AAV9:PKP2 improves heart function and survival in a Pkp2-deficient mouse model of arrhythmogenic right ventricular cardiomyopathy.

BACKGROUND: Arrhythmogenic right ventricular cardiomyopathy (ARVC) is a familial cardiac disease associated with ventricular arrhythmias and an increased risk of sudden cardiac death. Currently, there are no approved treatments that address the underlying genetic cause of this disease, representing a significant unmet need. Mutations in Plakophilin-2 (PKP2), encoding a desmosomal protein, account for approximately 40% of ARVC cases and result in reduced gene expression. METHODS: Our goal is to examine the feasibility and the efficacy of adeno-associated virus 9 (AAV9)-mediated restoration of PKP2 expression in a cardiac specific knock-out mouse model of Pkp2. RESULTS: We show that a single dose of AAV9:PKP2 gene delivery prevents disease development before the onset of cardiomyopathy and attenuates disease progression after overt cardiomyopathy. Restoration of PKP2 expression leads to a significant extension of lifespan by restoring cellular structures of desmosomes and gap junctions, preventing or halting decline in left ventricular ejection fraction, preventing or reversing dilation of the right ventricle, ameliorating ventricular arrhythmia event frequency and severity, and preventing adverse fibrotic remodeling.
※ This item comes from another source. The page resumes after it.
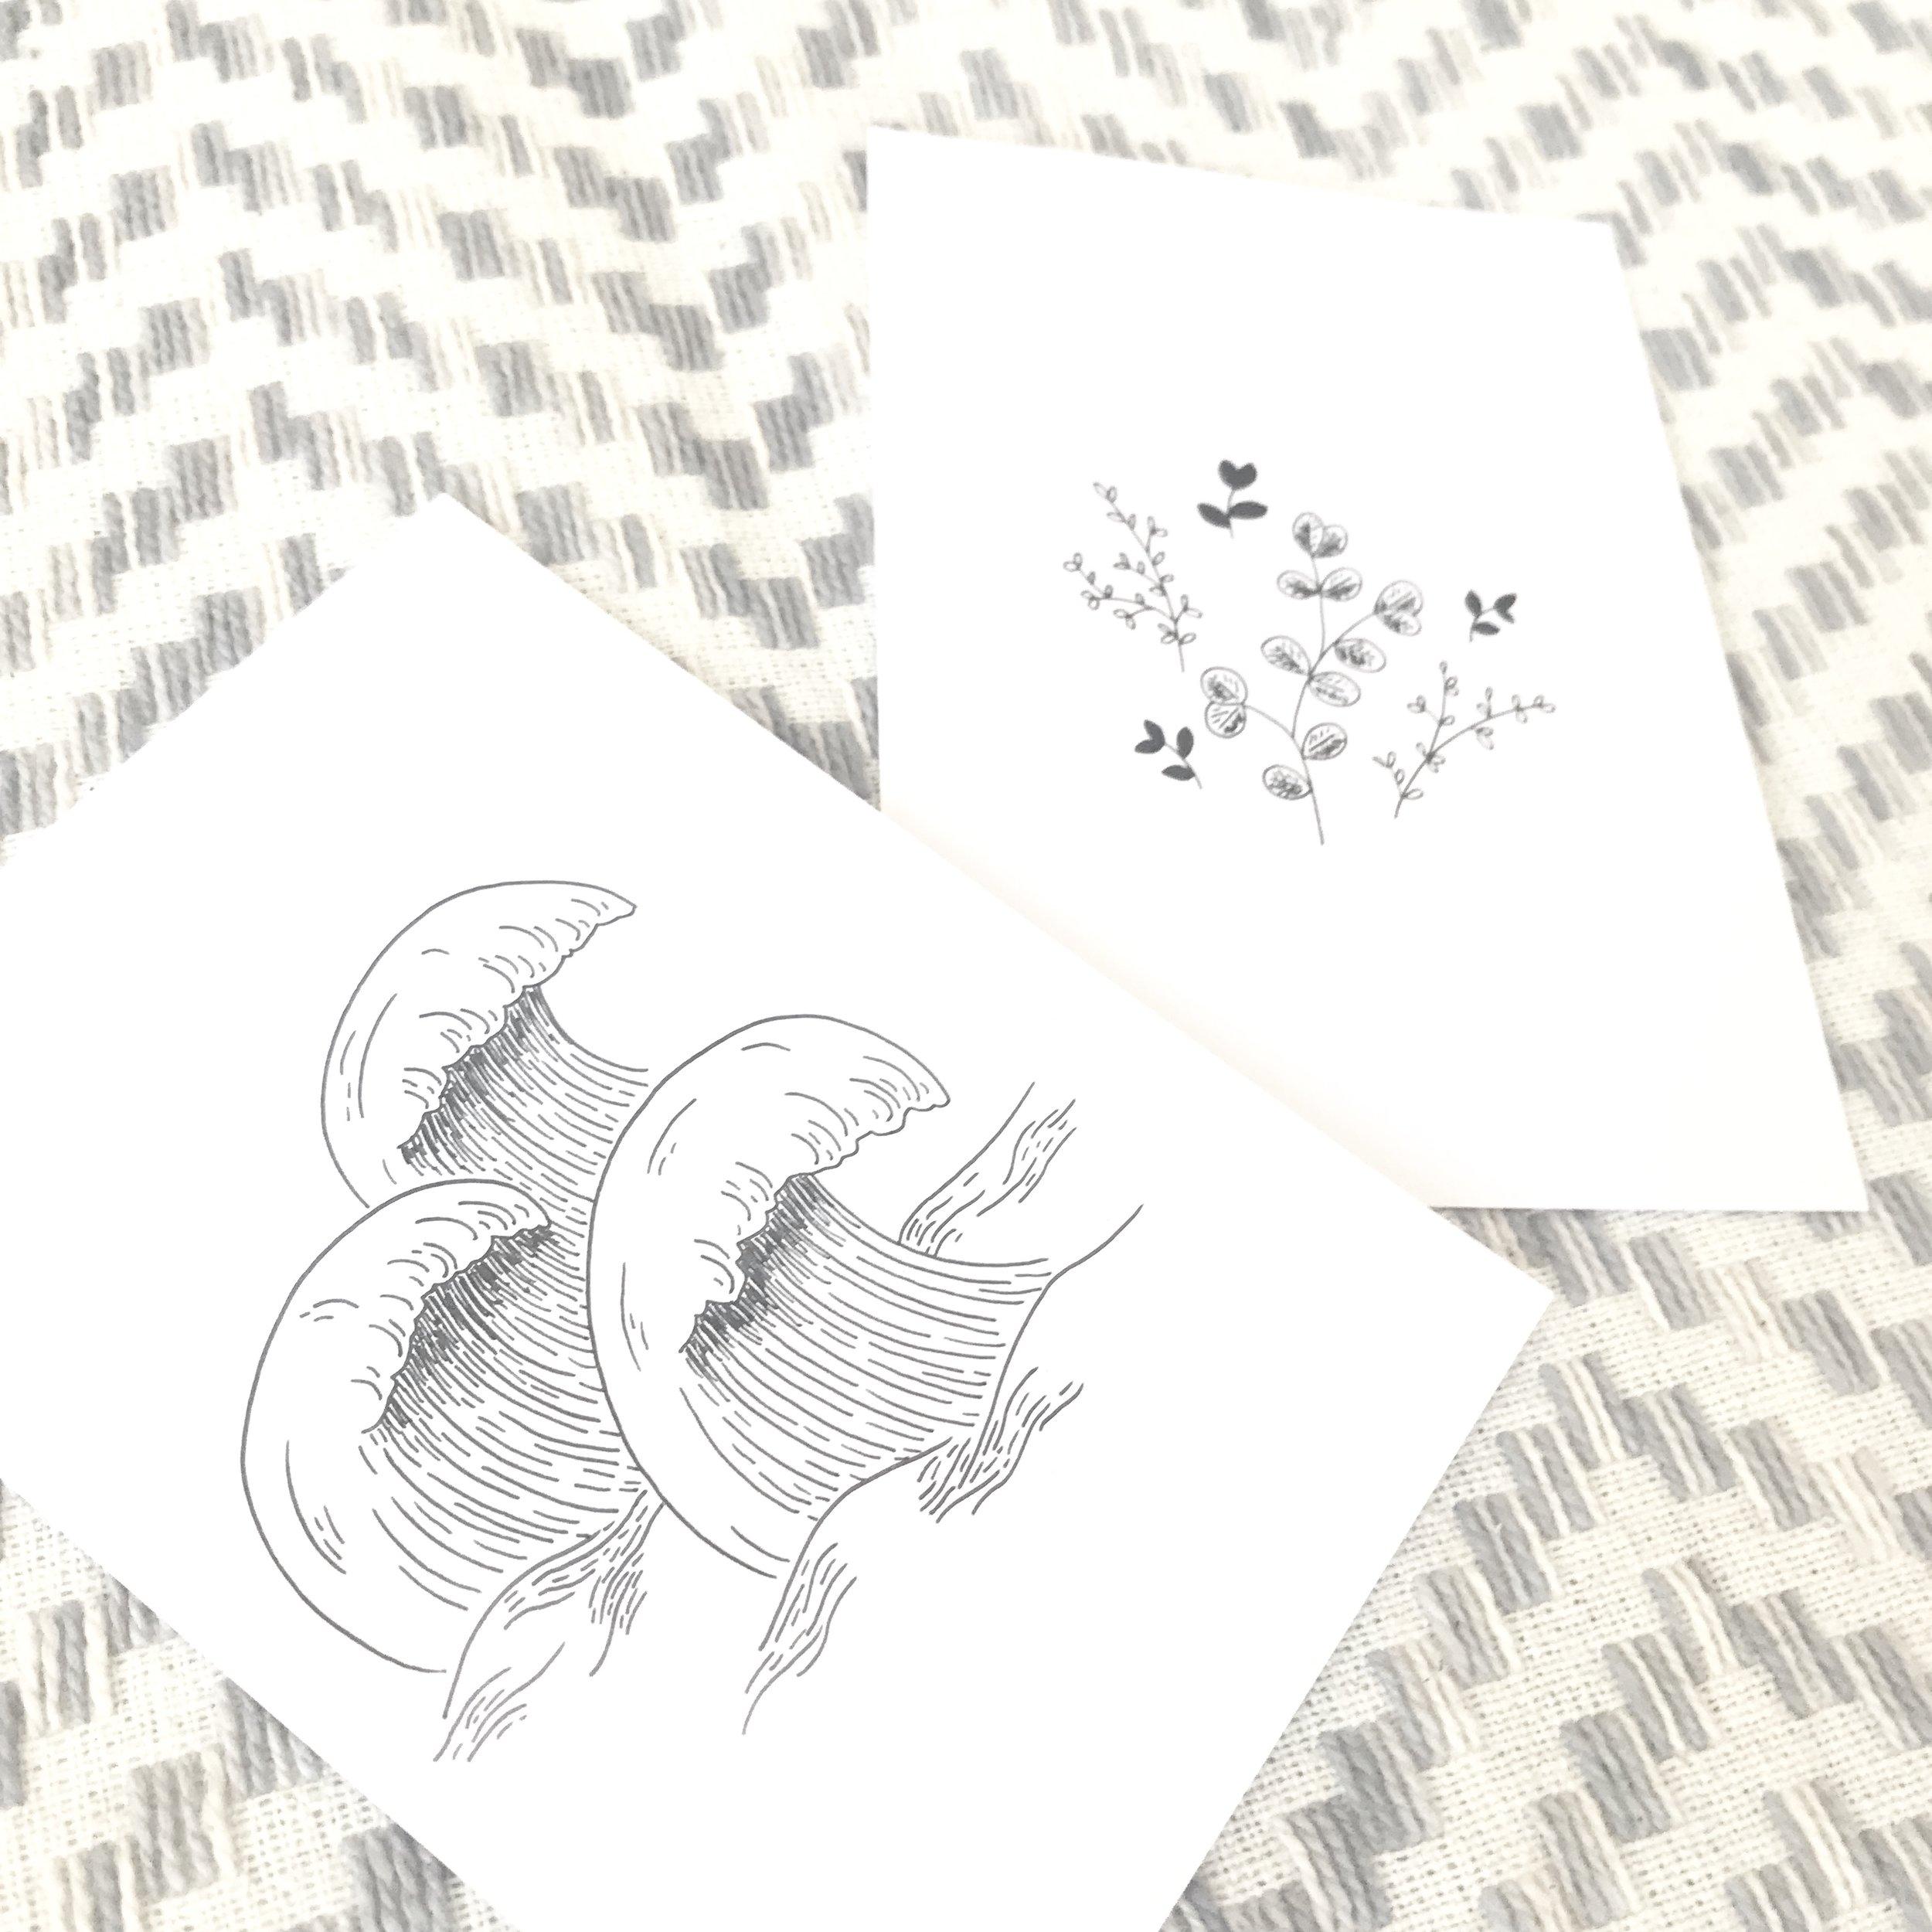 #the100dayproject sketchbook drawing illustration Bea & Bloom Creative Design Studio
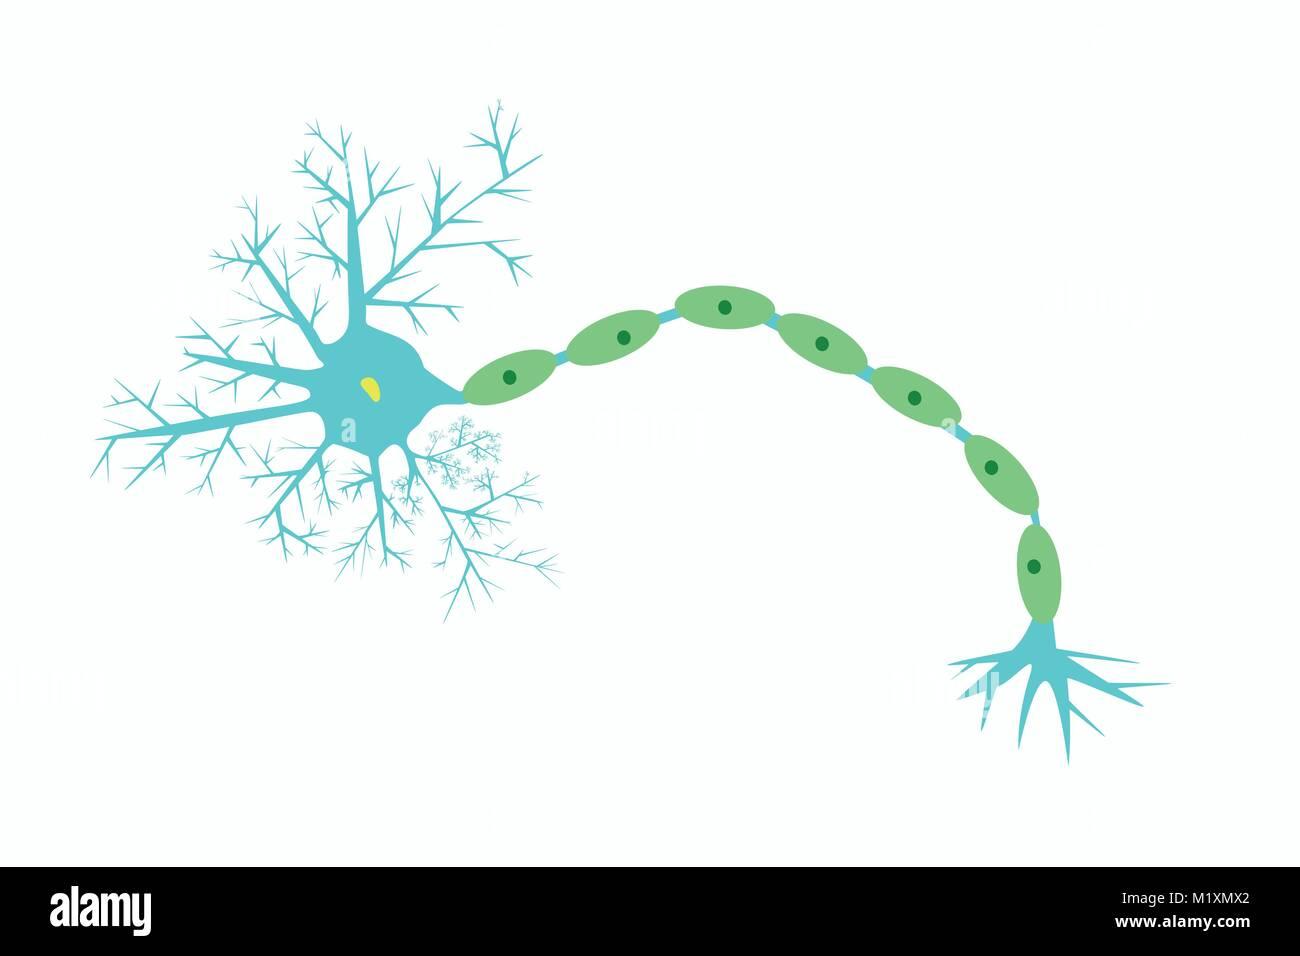 32 Label The Neuron

RNA sequencing analyses show that restoration of PKP2 expression leads to highly coordinated and durable correction of PKP2-associated transcriptional networks beyond desmosomes, revealing a broad spectrum of biological perturbances behind ARVC disease etiology. CONCLUSIONS: We identify fundamental mechanisms of PKP2-associated ARVC beyond disruption of desmosome function. The observed PKP2 dose-function relationship indicates that cardiac-selective AAV9:PKP2 gene therapy may be a promising therapeutic approach to treat ARVC patients with PKP2 mutations.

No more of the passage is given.